After 1906, Ioffe worked in the Saint Petersburg (from 1924 Leningrad) Polytechnical Institute where he eventually became a professor. In 1911 he (independently of Millikan) determined the charge of an electron.  In this experiment, the microparticles of zinc metal were irradiated with ultraviolet light to eject the electrons. The charged microparticles were then balanced in an electric field against gravity so that their charges could be determined (published in 1913). In 1911 Ioffe converted from Judaism to Lutheranism and married a non-Jewish woman. In 1913 he attained the title of Magister of Philosophy and in 1915 Doctor of Physics. In 1918 he became head of Physics and Technology division in State Institute of Roentgenology and Radiology. This division became the Leningrad Physico-Technical Institute (LPTI) in 1917 and eventually the Ioffe Institute.

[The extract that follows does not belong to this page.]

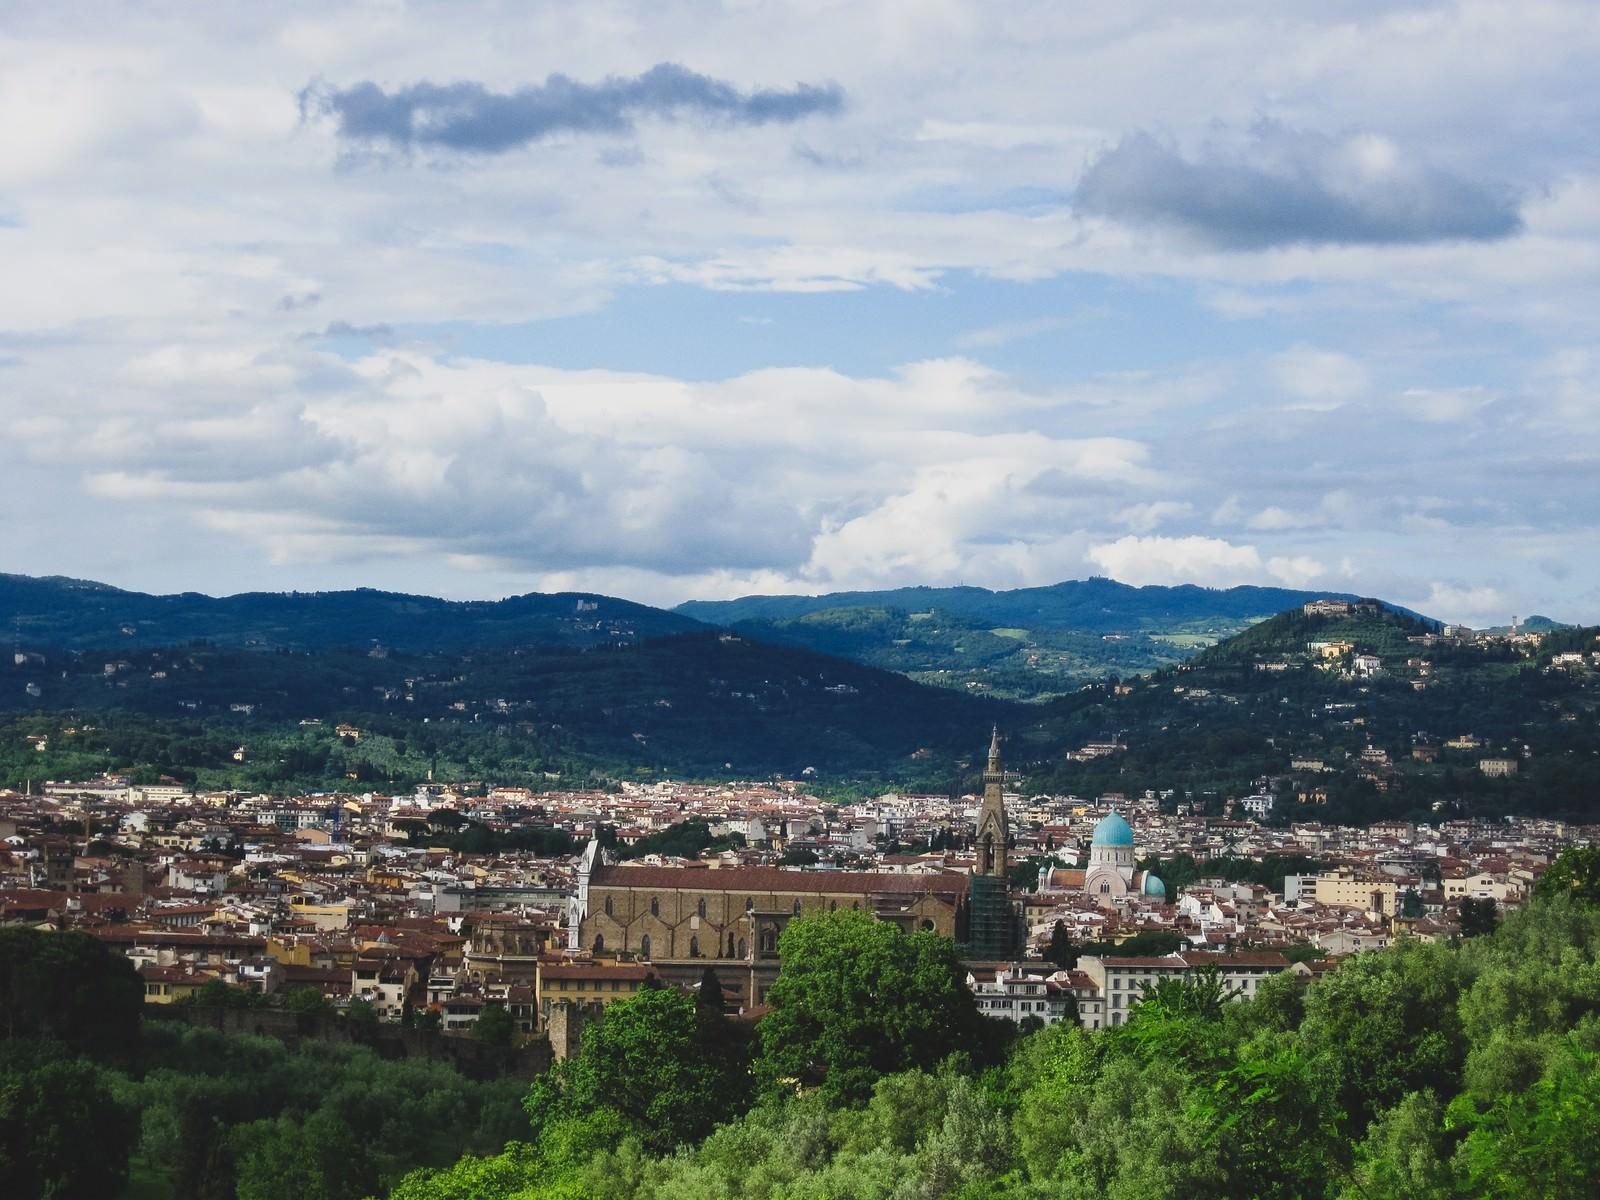 「フィレンツェの街並みと山(イタリア)」の写真

In the early 1930s, there was a critical need in the Air Defense Forces of the Red Army for means of detecting invading aircraft. A number of research institutes were involved with radiolokatory (radio-location) techniques. The Russian Academy of Sciences called a conference in January 1934 to assess this technology. Ioffe organized this conference, then published a journal report, disclosing to researchers throughout the world the science and technology that would ultimately be called radar.
 
When the Soviet atomic bomb project began in 1942, Ioffe was asked to lead the technical effort, but refused the job on the grounds that he was too old. He saw great promise in the young Igor Kurchatov, and placed him in charge of the first nuclear laboratory. During Joseph Stalin's campaign against the so-called "rootless cosmopolitans" (Jews), in 1950 Ioffe was made redundant from his position of the Director of LPTI and from the Board of Directors. In 1952–1954 he headed the Laboratory of Semiconductors of Academy of Sciences of the USSR, which in 1954 was reorganized as the Institute of Semiconductors. Following Ioffe's death, in 1960 the LPTI was renamed the Ioffe Physico-Technical Institute and is one of Russia's leading research centers.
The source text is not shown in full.